İslâm hukuku, kasıdlı öldürme cezasıyla, kasda benzer öldürmenin cezasını ayırmıştır. Birinciye kısas hükmü koymuş ikinciye de ağır diyet. Sebebine gelince; kasıdlı öldürmede suçlu, tecâvüze uğrayanı öldürmeyi kasdetmektedir. Kasda benzer öldürmede ise suçlu, tecâvüze uğrayanı öldürmeyi kaydetmemiştir. Fiil bakımından aradaki bu fark, ikisinin de ceza bakımından müsâvî olmasını önler. Ayrıca kısas cezasının kasda benzer öldürme hallerine tatbiki mümkün değildir. Çünkü kısas, suçluyla işlediği fiil arasında bir benzerlik bulunmayı gerektirir. Kasda benzer öldürmede ise suçlu; tecâvüze uğrayanı öldürmeyi kas-detmemiştir. Eğer tecâvüze uğrayan, suçlu ile beraber öldürülürse suçluyu öldürenin onu kasdetmiş olması gerekicki, burada denklik durumu mevcûd olmaz. Binâenaleyh adalet ve mantık; kasıdla, kasda benzer öldürme suçlarının cezası arasında ayırım yapmayı gerektirir.
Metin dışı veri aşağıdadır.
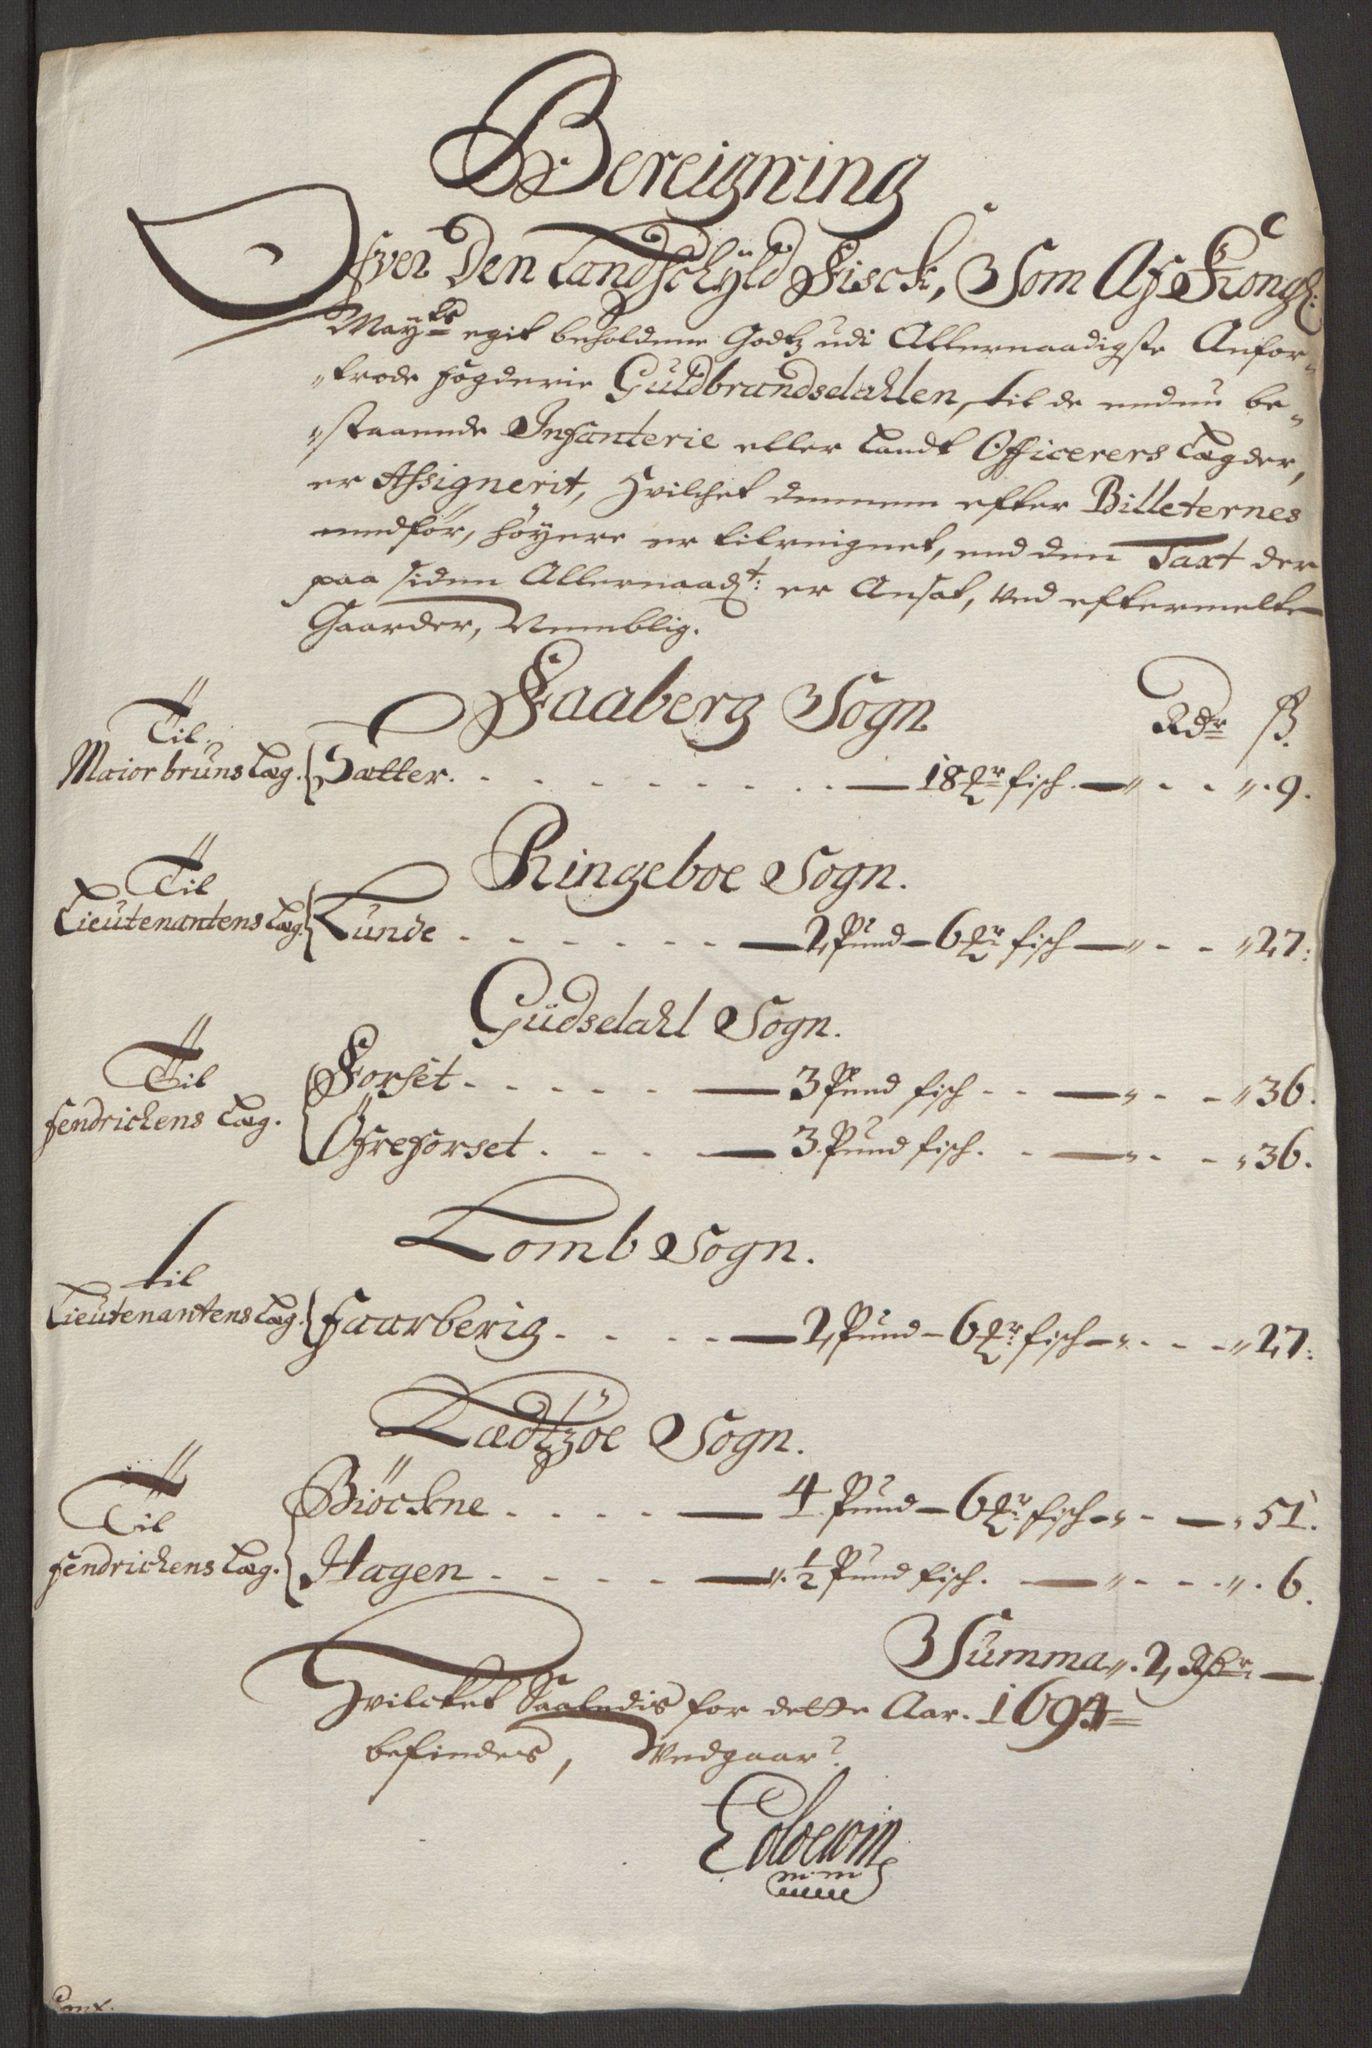 RA, Rentekammeret inntil 1814, Reviderte regnskaper, Fogderegnskap, R17/L1168: Fogderegnskap Gudbrandsdal, 1694, s. 305

Ayrıca İslâm hukuku tâm kasıdlı öldürme ile, hatâ arasında da ayırım yapmıştır. Kasıdlı öldürme halinde kısası koyarken, hatalı öldürme halinde de hafifletilmiş diyeti koymaktadır. Bununla şu noktayı gözönünde tutmaktadır. Kasıdlı öldürme suçlarında suçlu; suçu işlemeyi kasdeder, onu düşünür, planlar ve muhtelif vesilelerle ya kendisi veya başkası için sağlayacağı maddî ve ma'nevî menfaat te'mîn için suçu işler. Hatalı öldürme suçlarında ise, suçlu suçu kasdetmez. Onu planlayıp düşünmez. Ve suçu işlemesini gerektiren bir neden de bulunmaz. Mevcûd olan şey, suçlunun ihmâli veya dikkatsizliğidir. Bu da suçu oluşturan fiili meydana getiren nedendir. Halbuki suçlunun kafası, aslında bu fiile bizzat yönelik değildir. Şu halde kasıdlı Öldürme, iki unsurdan meydana gelmektedir:
a) Ma'nevî unsur : Suçlunun psikolojik olarak suça yönelmesidir.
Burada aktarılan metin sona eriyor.